One day I asked her about it. I asked her why always two. (I probably wondered why she wasn't stocking her house full of them like I would so I could have a box a day!) She explained to me that every year when her cookies came, she would have one or two right out of the box before sealing the entire rest of the package and sticking them in her freezer. She told me that every now and again, she'd have one or two cookies from the package and then she'd put them away again. By the time I rolled around the next year, Doris was just finishing up her second box of cookies.
Yes, you heard me right. It took her ONE YEAR to eat 2 boxes of Girl Scout cookies.
And, just for added proof, I got this from the GS's website:
"Girl Scout Cookies do not contain preservatives. They are all made with pure vegetable shortening, are kosher, and freeze well to extend their shelf life."
That doesn't sound SO bad, does it?!
What's the point of this story? Isn't it obvious. Doris taught me my very first lesson about treats in moderation. I still think of her when I think about how I want a cookie. It's one of the ways I've managed this Binge Eating Disorder or Compulsive Eating Disorder in the way I have...systematically.
Let me give you another example.
When I went to Minnesota, I bought a package of Lindor truffles to take with me. Somehow they made it into Paula's house from my car and I heard someone at some point shunningly say, "Who brought those?!" Me. Yep. I did. And I'll tell you why...there's a method to my anti-binging madness.

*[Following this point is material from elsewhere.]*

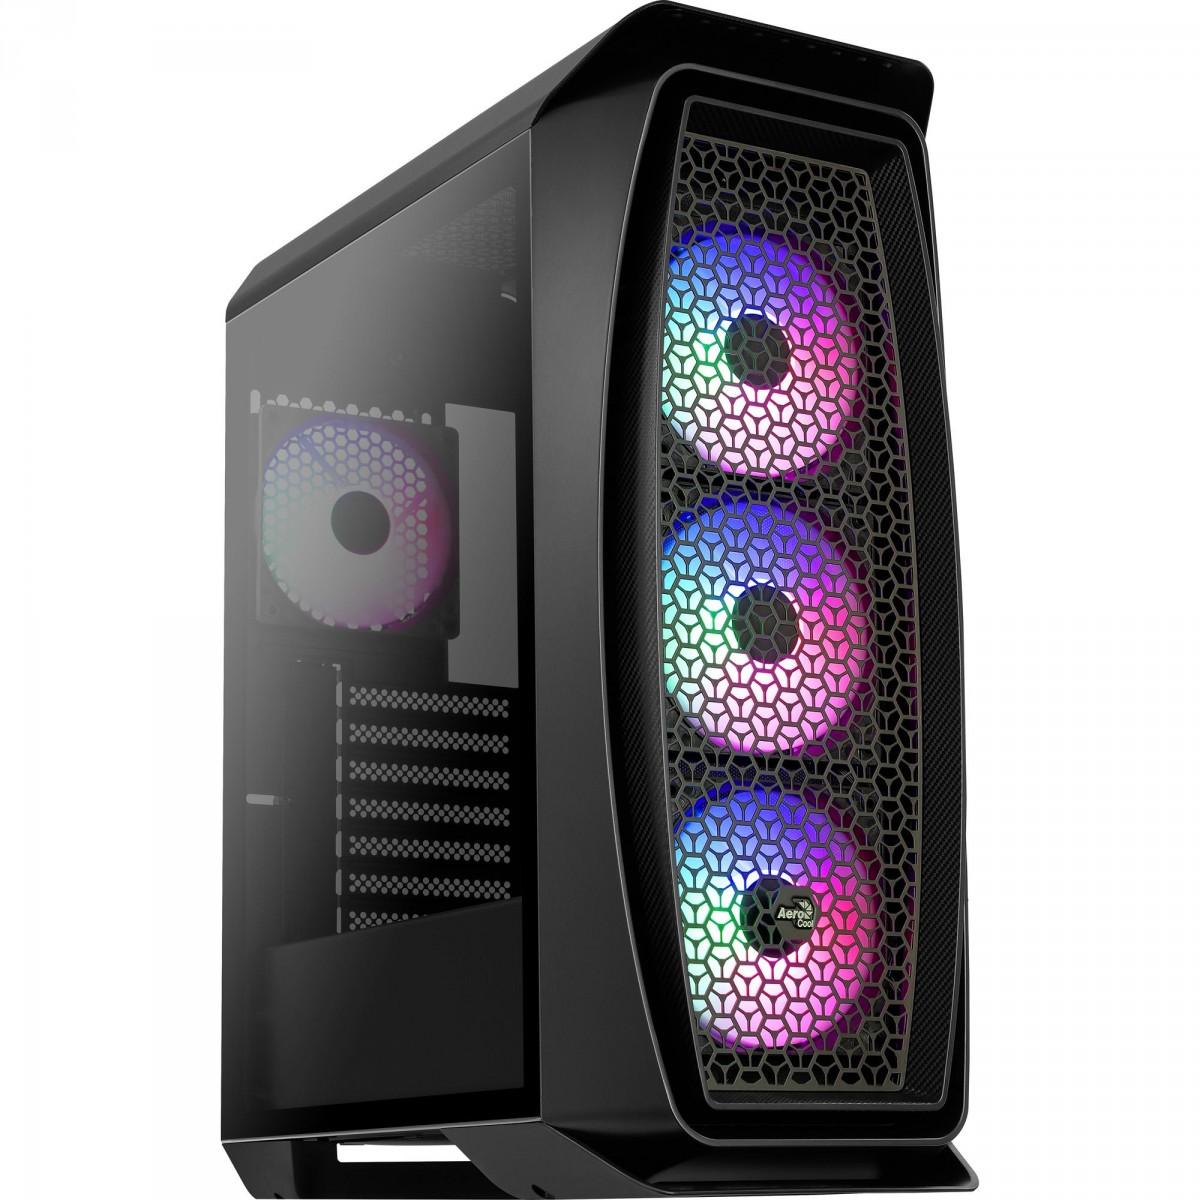 Gabinete Gamer Aerocool, Aero One Frost RGB, Mid Tower, Vidro Temperado, Black, 70167, Sem Fonte, Com 4 Fans

Sweets are a huge downfall. So whenever I want a sweet, I tell myself it had better be REALLY good if I'm going to waste my calories on it now. If I'm going to sacrifice part of my dinner and a snack, or if I'm going to sacrifice a pound on the scale because I wanted something sweet - it had better be heavenly delicious. I no longer settle for just "okay"...and that has made a ton of difference.
I knew I wanted something sweet when I went to MN. I knew driving in that car all day that I would feel the "need" for something road-trip snacky. Protein bars were NOT going to cut it. And instead of simply buying out their selection of Little Debbie snack cakes, like I would have done previously. I spent nearly 4 bucks on a bag of tiny chocolatey heaven. Three little balls were something like 220 calories. The upside? I could rarely eat 3 of them at once because the sugar and sweet taste overwhelmed me after a year of eating well.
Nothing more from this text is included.